The system of complaints is too complex and is not independent. It does not provide for ring-fencing of disability specific resources. It does not impose a clear statutory duty on Departments and all public bodies to make public policies, plans, programmes and services accessible and fully include people with disabilities, and the sectoral plans are not an adequate substitute for that. It is in conflict with the Equal Status Act and undermines pre-existing protection for people with disabilities. That alone should provide enough justification to scrap the Bill as proposed.

The Human Rights Commission believes that some of the Bill's provisions also conflict with the European Convention on Human Rights, now incorporated into our domestic law. There is no onus to even review the operation of the legislation for effectiveness.

The Taoiseach and the Ministers concerned are well aware of these and literally hundreds of other specified critiques that have been levelled at the Bill by many thoughtful people who have the most to gain but also the most to lose. This cynical Government knew of these concerns even before the Bill hit the printing presses.

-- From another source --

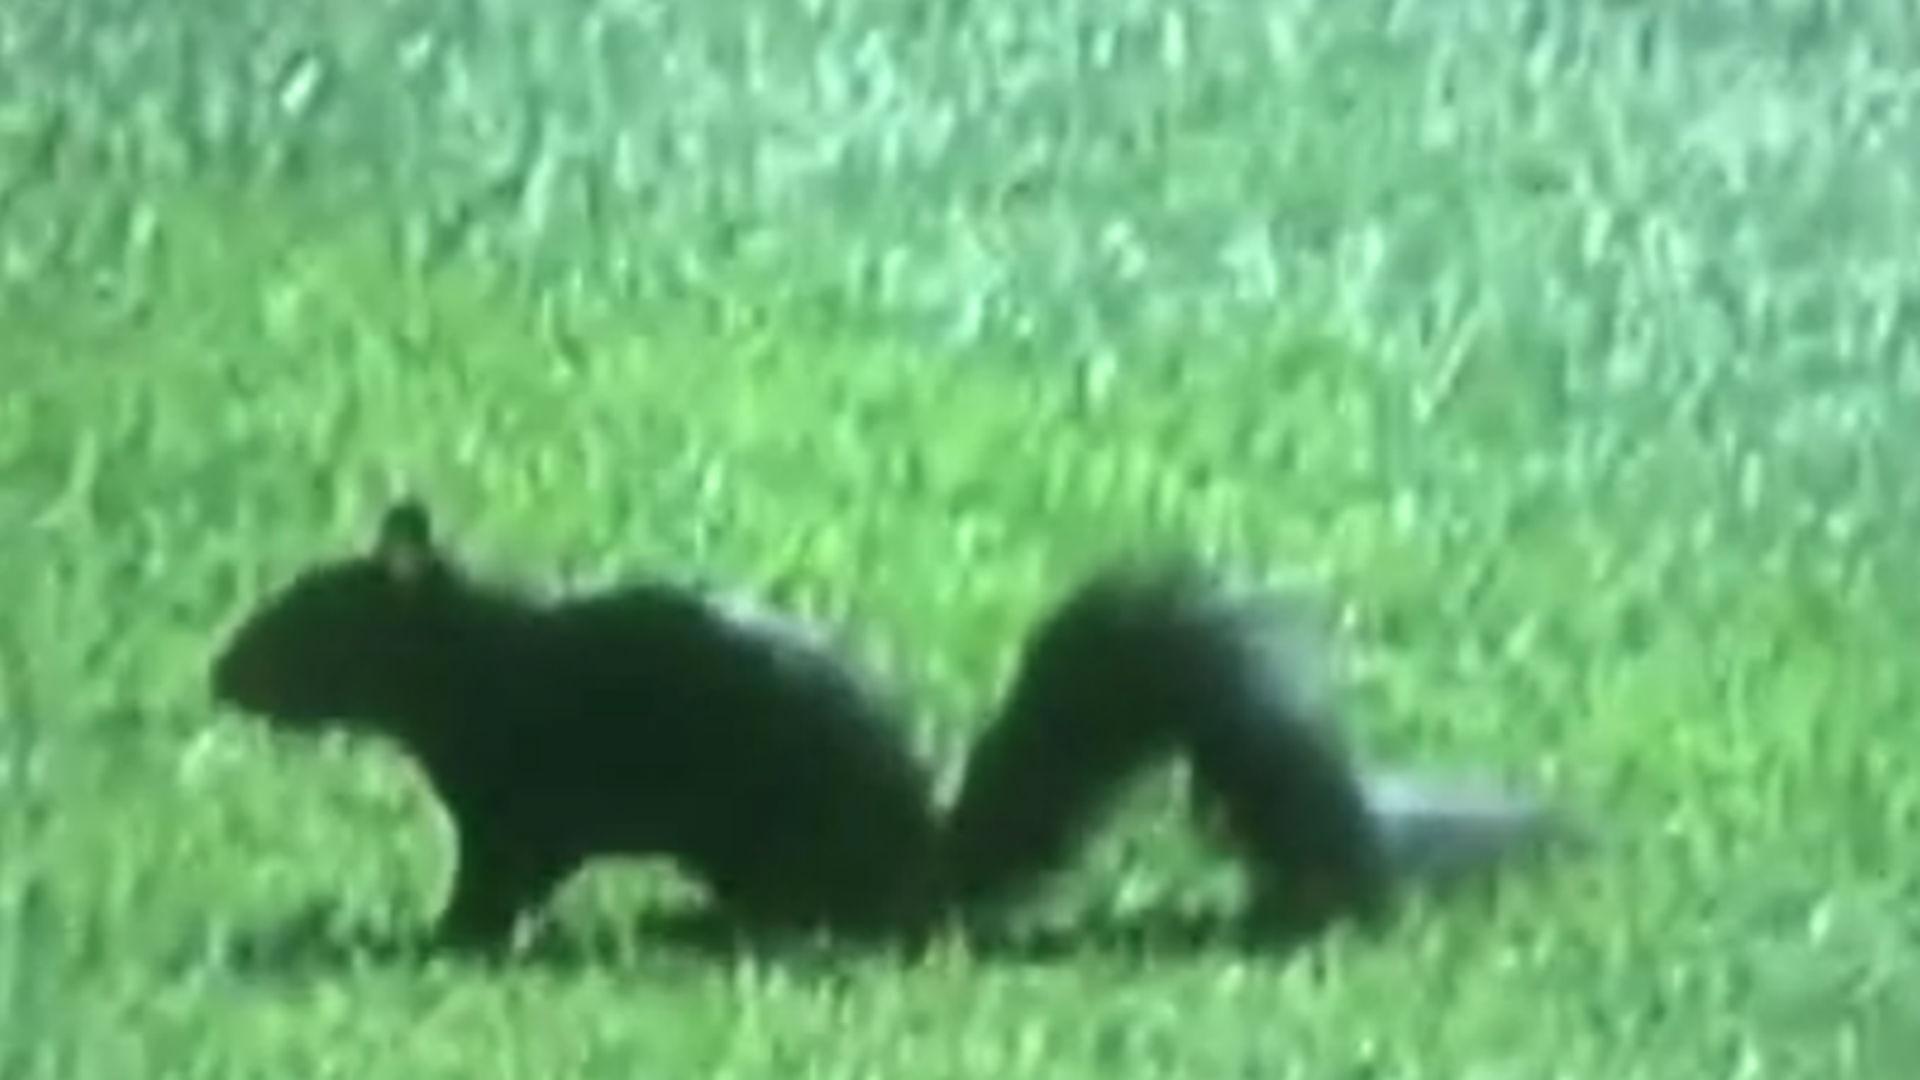 squirrel-tigers-ftr-twitter-080615
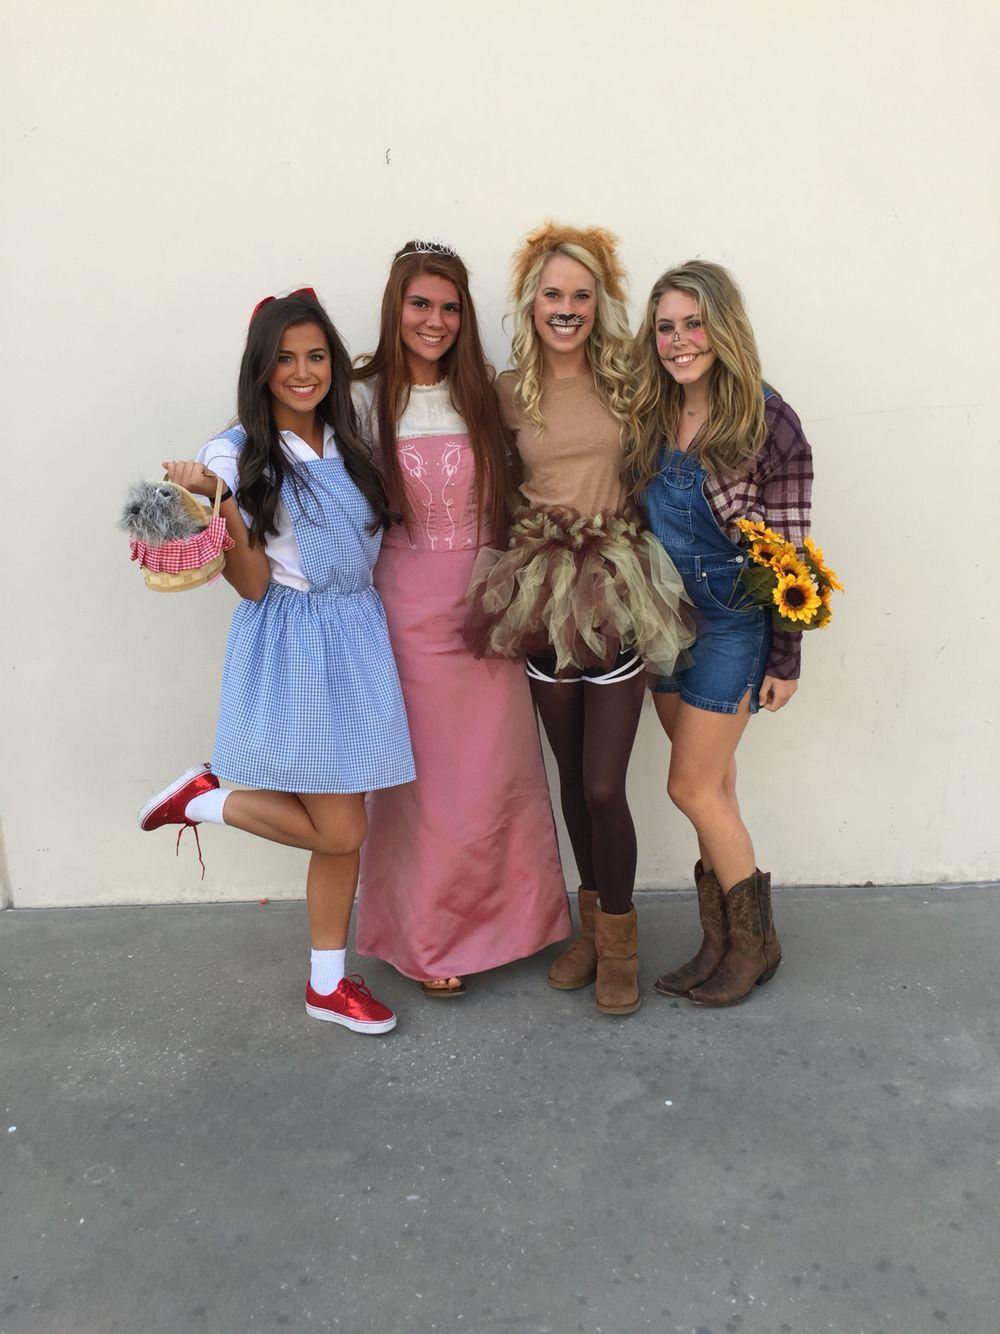 wizard of oz halloween group costume | halloween | pinterest

The consultation on the Bill was a sham and the launch of the so-called national disability strategy was just another Government PR spectacle, a shiny object dangled to distract attention from its total lack of commitment to real rights and real progress. However, the people have not been fooled. The Disability Federation of Ireland has continually argued that good intentions are not enough and that we need to get it right. There must be a seismic shift in attitudes. This would require compulsion, it must be legislated for and can no longer be left to discretion and patronage. The DFI is correct. The Oireachtas has a choice: it can endorse the Bill and maintain the status quo, thereby obliging people with disabilities to remain second-class citizens and petitioners on the margins of society; or it can reject it and introduce better legislation which offers full inclusion.

Sinn Féin Deputies know where they stand and they reject the Bill because they have a vision for a very different future. We want a fully accessible Ireland of equals where all people with disabilities can reach their true potential as individuals because society will no longer disable but will rather enable them. This will also be an Ireland where disability rights lawsuits will be rare, not because the Government will have blocked legal avenues for redress but because it will have listened, fulfilled its statutory duty to promote equality and inclusion, committed resources and affected profound social change.